Lunch and Learn: My Credit What?
This is meant to be a brief discussion on a very important three digit number which when mastered will open so many doors but when ignored will make your financial life more difficult than it needs to be. It is important to have a disclaimer that I am not a financial professional and to please follow up with your own research. This is not meant to be financial advice but an open discussion regarding your FICO score.
At its most basic definition, your credit score is a numerical representation (ranging from 300 – 850) which shows what your creditworthiness is. The information from which this score is derived from is your credit reports from the credit bureaus. What these companies do is “Collect information about where you live and work, how you pay your bills, whether or not you have been sued, arrested, or filed for bankruptcy.” (usa.gov/credit-reports). The three companies are Equifax, Experian and Transunion. The numeric representation of your credit history and the way that it is weighted is as follows: Payment history: 35%, Amounts owed: 30%, Length of credit history: 15%, How many types of credit in use: 10%, Account inquiries: 10%.

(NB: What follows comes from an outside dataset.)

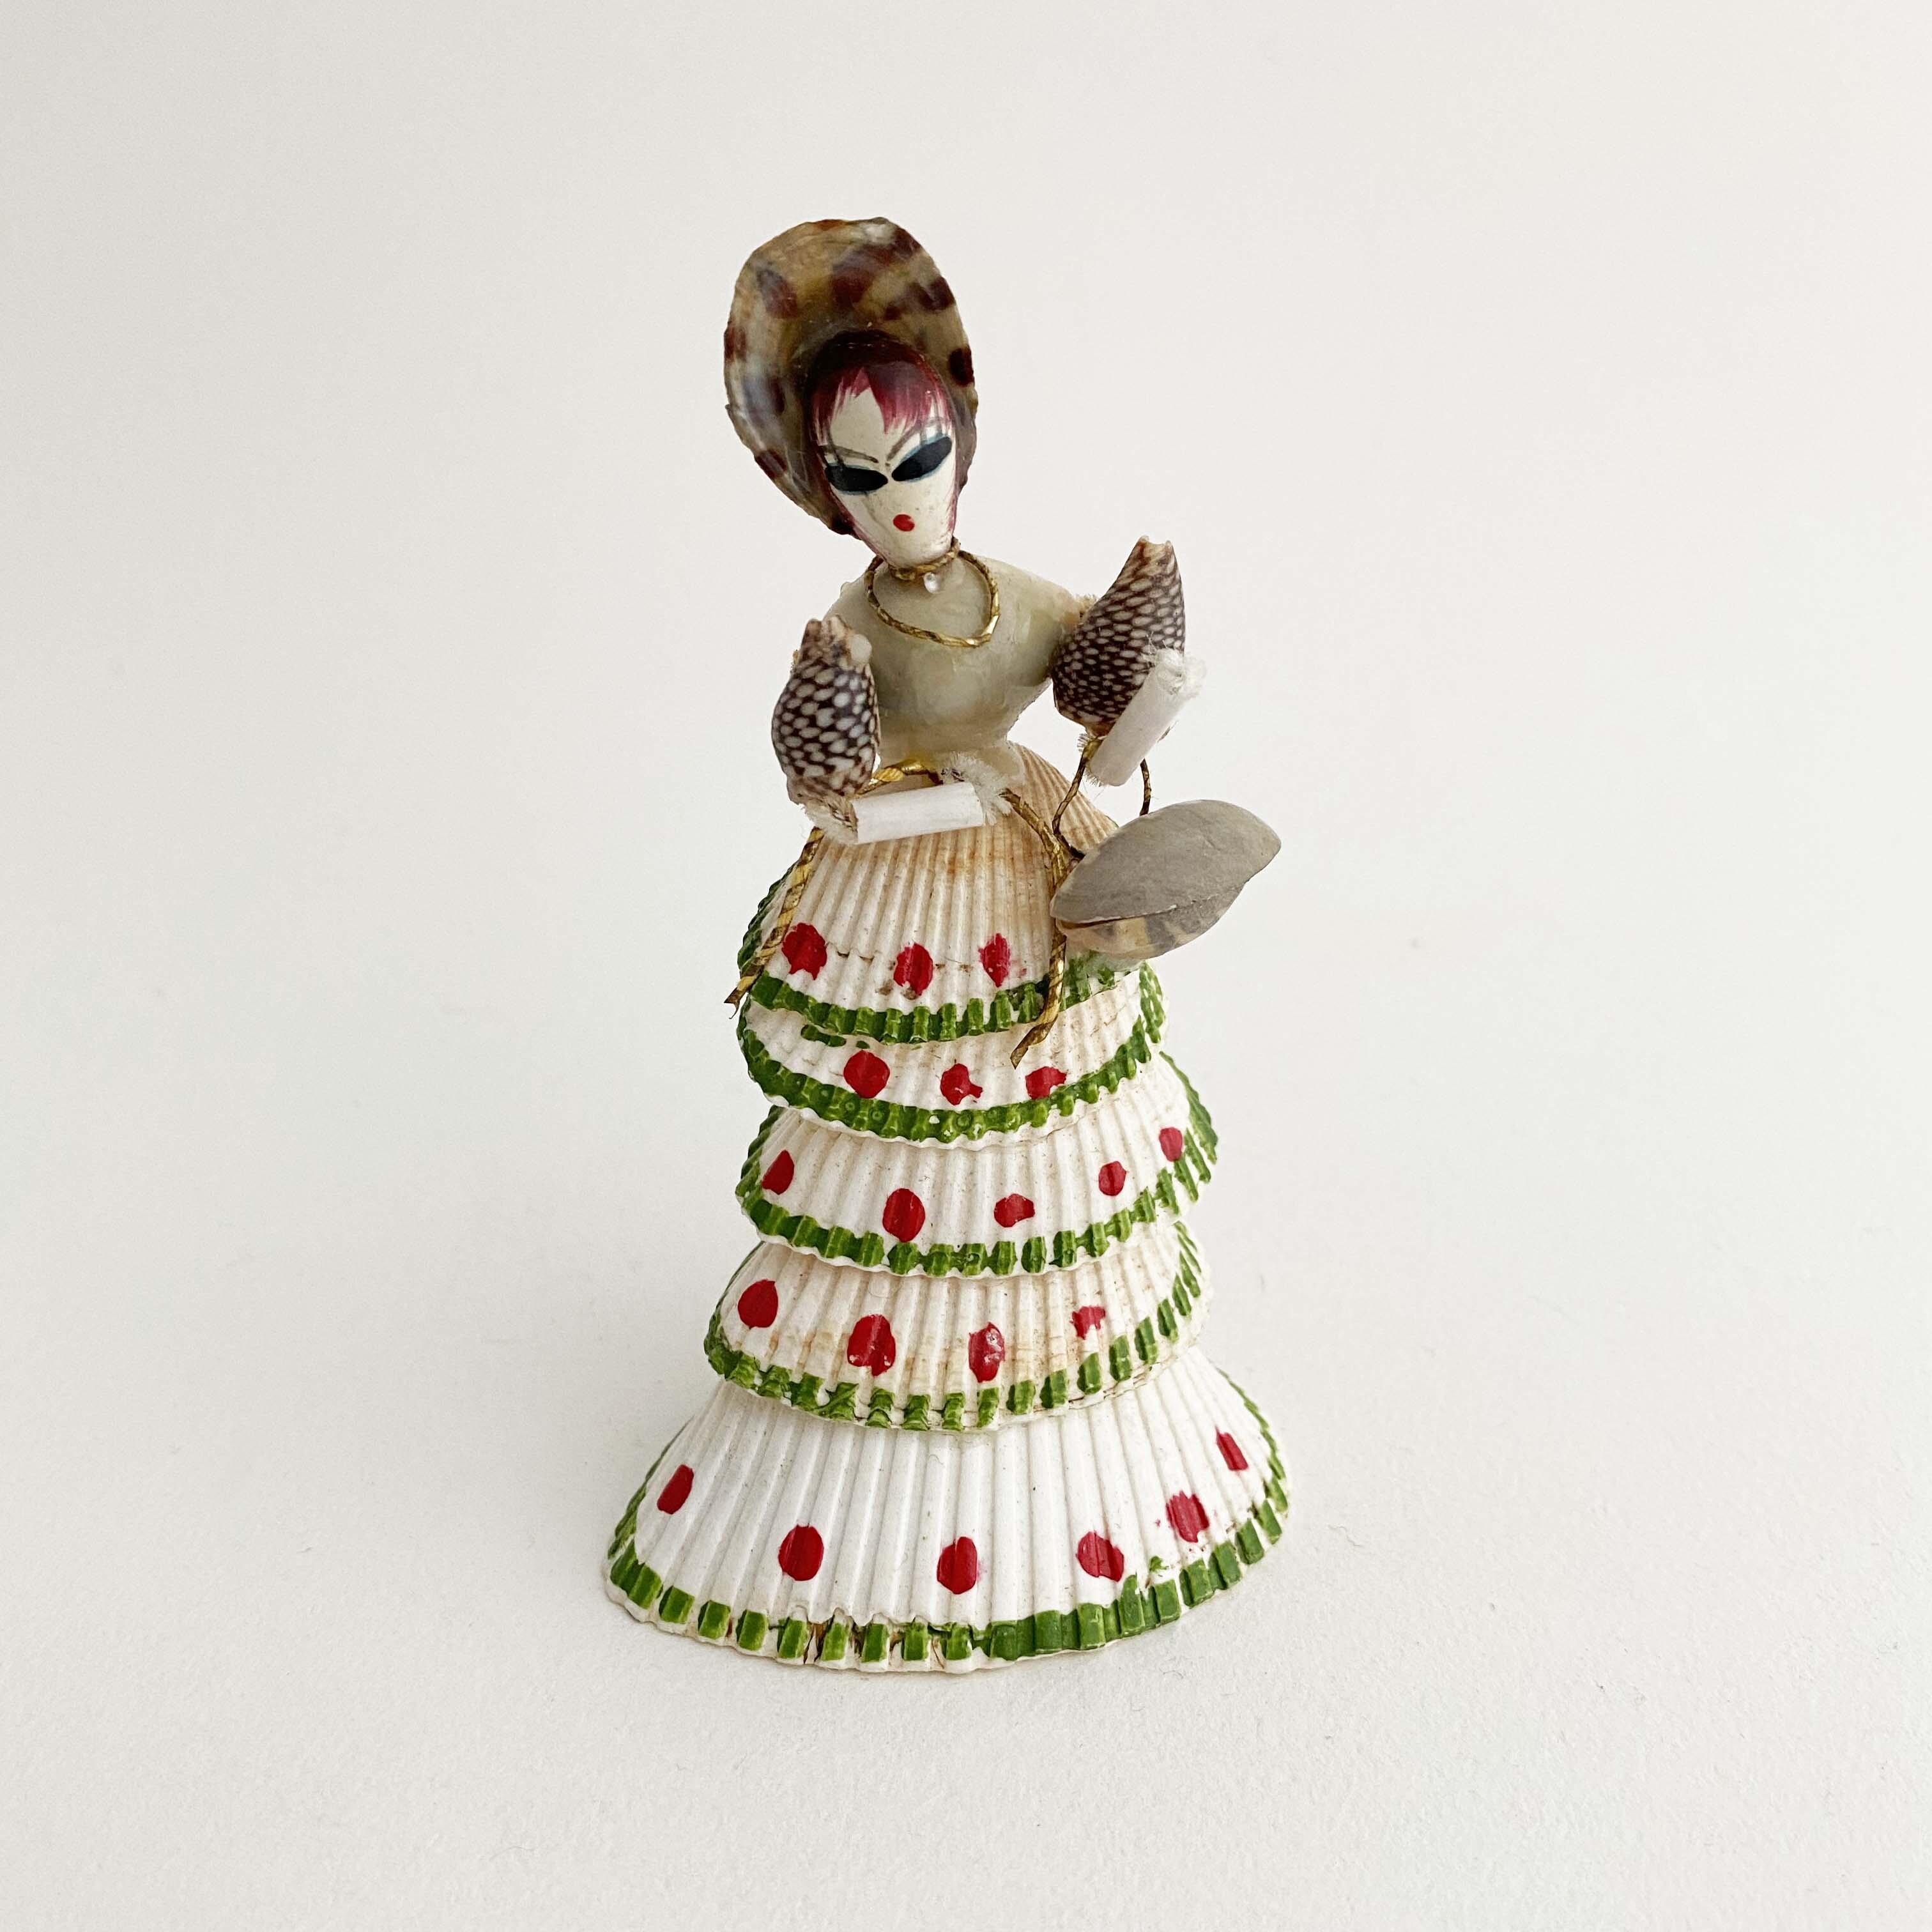 デッドストック昭和 貝人形お嬢さん(サルボウ貝)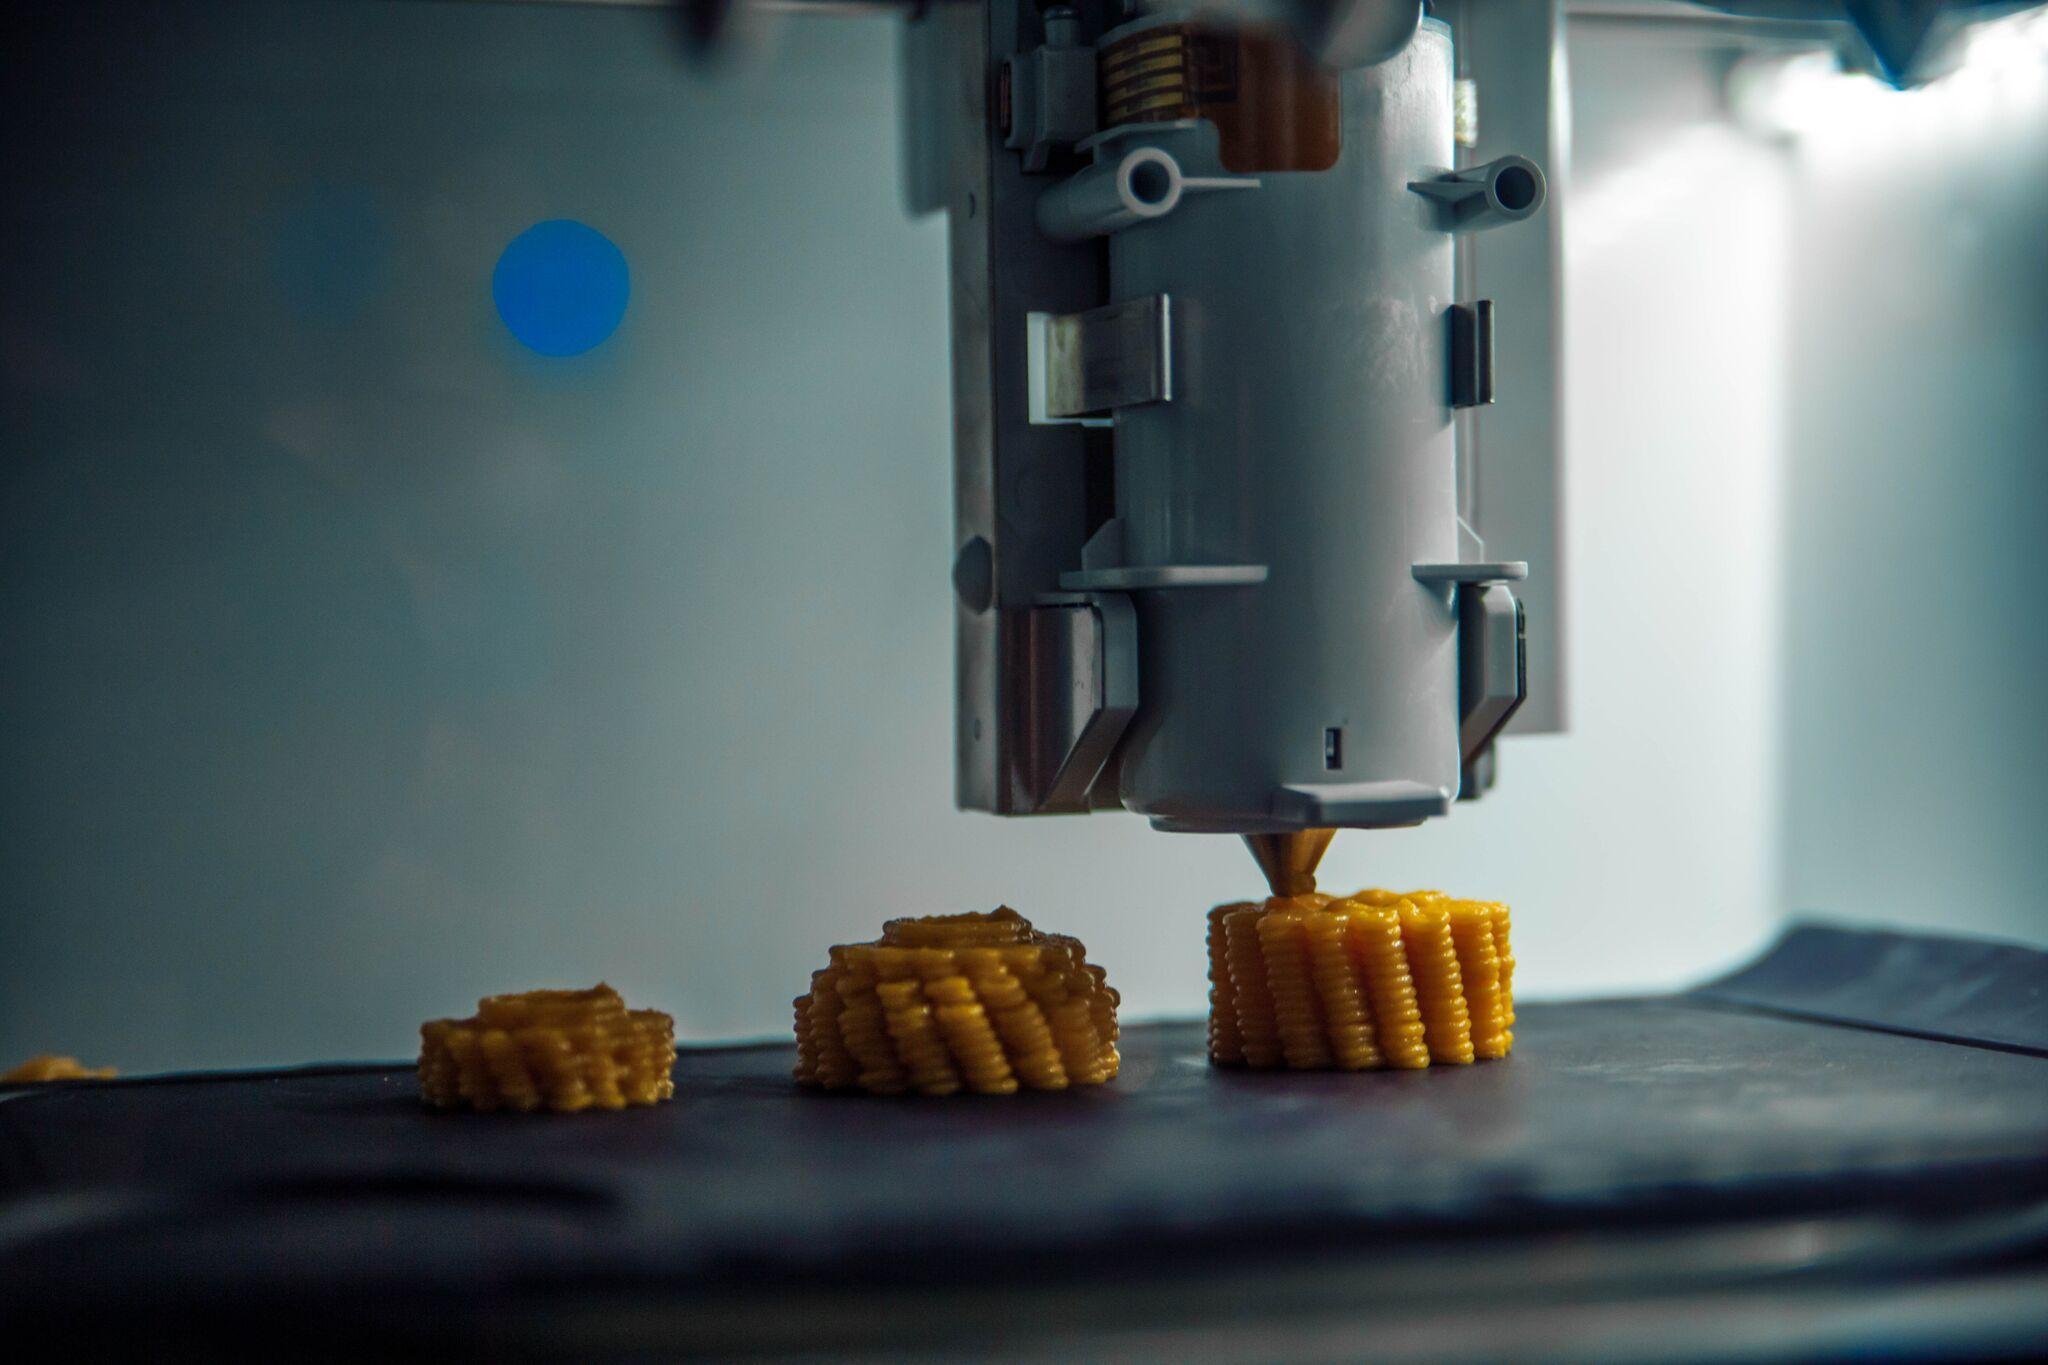 Engineering in Food Industries

Now that you know what your FICO score is and where the information is derived from let’s talk about something that is applicable right now!
The first question to be answered is, what is my credit score? First things first is to get your credit report directly from the credit bureaus once a year for free. (Annualcreditreport.com) This is crucial not only to monitor your FICO score but also what is actually seen on your credit report in case something comes up that is incorrect or fraudulent in nature. A second popular way that recently has emerged is for your credit card company to show you what your credit score is along with your monthly statement.
As a dental student, the financial resources at our disposal are less now than what they will hopefully be in a couple years. With that being said, one definite step that can be taken today and for the next couple years in order to put you in a better position for the future is understanding your credit score, what it is derived from, and what you can do right now to maintain it and develop it appropriately.